I admit I'm not familiar with the encryption/decryption API, but if a
__free_pages() is not sufficient here, then it is quite confusing.
The error label is reached only if set_memory_decrypted() returns
non-zero. My naive expectation is that the memory is *not* decrypted in
that case and does not require special treatment. Is this assumption
wrong?

OTOH I believe there is a bug in the logic. The subsequent
__free_pages() in swiotlb_alloc_tlb() would have to be changed to a
free_decrypted_pages(). However, I'm proposing a different approach to
address the latter issue here:

https://lore.kernel.org/linux-iommu/20231026095123.222-1-petrtesarik@huaweicloud.com/T/

Petr T
  
Edgecombe, Rick P Oct. 31, 2023, 3:54 p.m. UTC | #4
On Tue, 2023-10-31 at 11:43 +0100, Petr Tesařík wrote:
> 
> I admit I'm not familiar with the encryption/decryption API, but if a
> __free_pages() is not sufficient here, then it is quite confusing.
> The error label is reached only if set_memory_decrypted() returns
> non-zero. My naive expectation is that the memory is *not* decrypted
> in
> that case and does not require special treatment. Is this assumption
> wrong?

Yea, the memory can still be decrypted, or partially decrypted. On x86,
all the set_memory() calls can fail part way through the work, and they
don't rollback the changes they had made up to that point. I was
thinking about trying to changes this, but that is the current
behavior.

But in TDX's case set_memory_decrypted() can be fully successful and
just return an error.

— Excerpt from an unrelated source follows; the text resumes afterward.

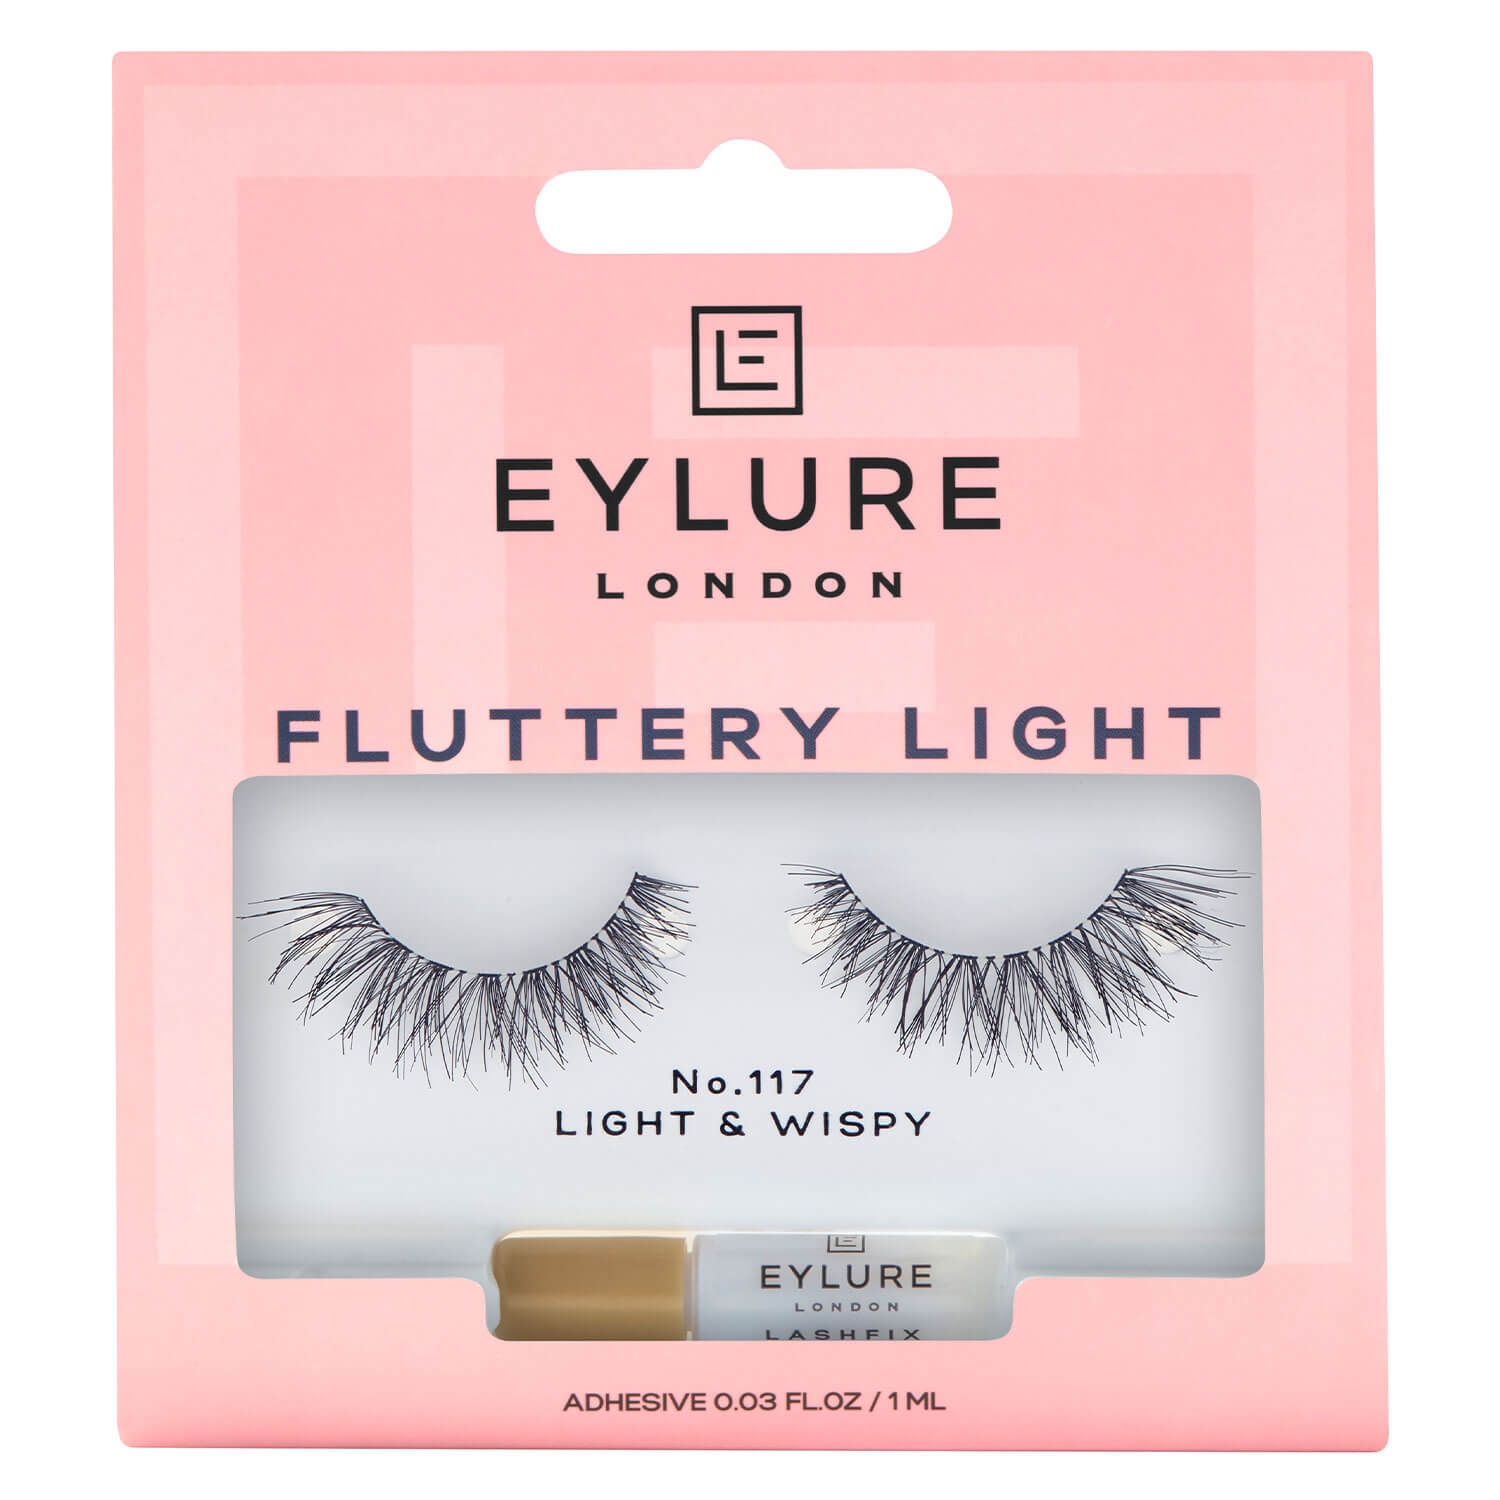 Produktbild von EYLURE - Wimpern Fluttery Light 117

And there aren't any plans to fix the TDX case
(which has special VMM work that the kernel doesn't have control over).
So instead, the plan is to WARN about it and count on the caller to
handle the error properly:
https://lore.kernel.org/lkml/20231027214744.1742056-1-rick.p.edgecombe@intel.com/

> 
> OTOH I believe there is a bug in the logic. The subsequent
> __free_pages() in swiotlb_alloc_tlb() would have to be changed to a
> free_decrypted_pages(). However, I'm proposing a different approach
> to
> address the latter issue here:
> 
> https://lore.kernel.org/linux-iommu/20231026095123.222-1-petrtesarik@huaweicloud.com/T/

Oh, yes, that makes sense. I was planning to send a patch to just leak
the pages if set_memory_decrypted() fails, after my v2 linked above is
accepted. It could have a different label than the phys_limit check
error path added in your linked patch, so that case would still free
the perfectly fine encrypted pages.
  
Petr Tesařík Oct. 31, 2023, 5:13 p.m. UTC | #5
On Tue, 31 Oct 2023 15:54:52 +0000
"Edgecombe, Rick P" <rick.p.edgecombe@intel.com> wrote:

> On Tue, 2023-10-31 at 11:43 +0100, Petr Tesařík wrote:
> > 
> > I admit I'm not familiar with the encryption/decryption API, but if a
> > __free_pages() is not sufficient here, then it is quite confusing.
> > The error label is reached only if set_memory_decrypted() returns
> > non-zero. My naive expectation is that the memory is *not* decrypted
> > in
> > that case and does not require special treatment. Is this assumption
> > wrong?  
> 
> Yea, the memory can still be decrypted, or partially decrypted. On x86,
> all the set_memory() calls can fail part way through the work, and they
> don't rollback the changes they had made up to that point.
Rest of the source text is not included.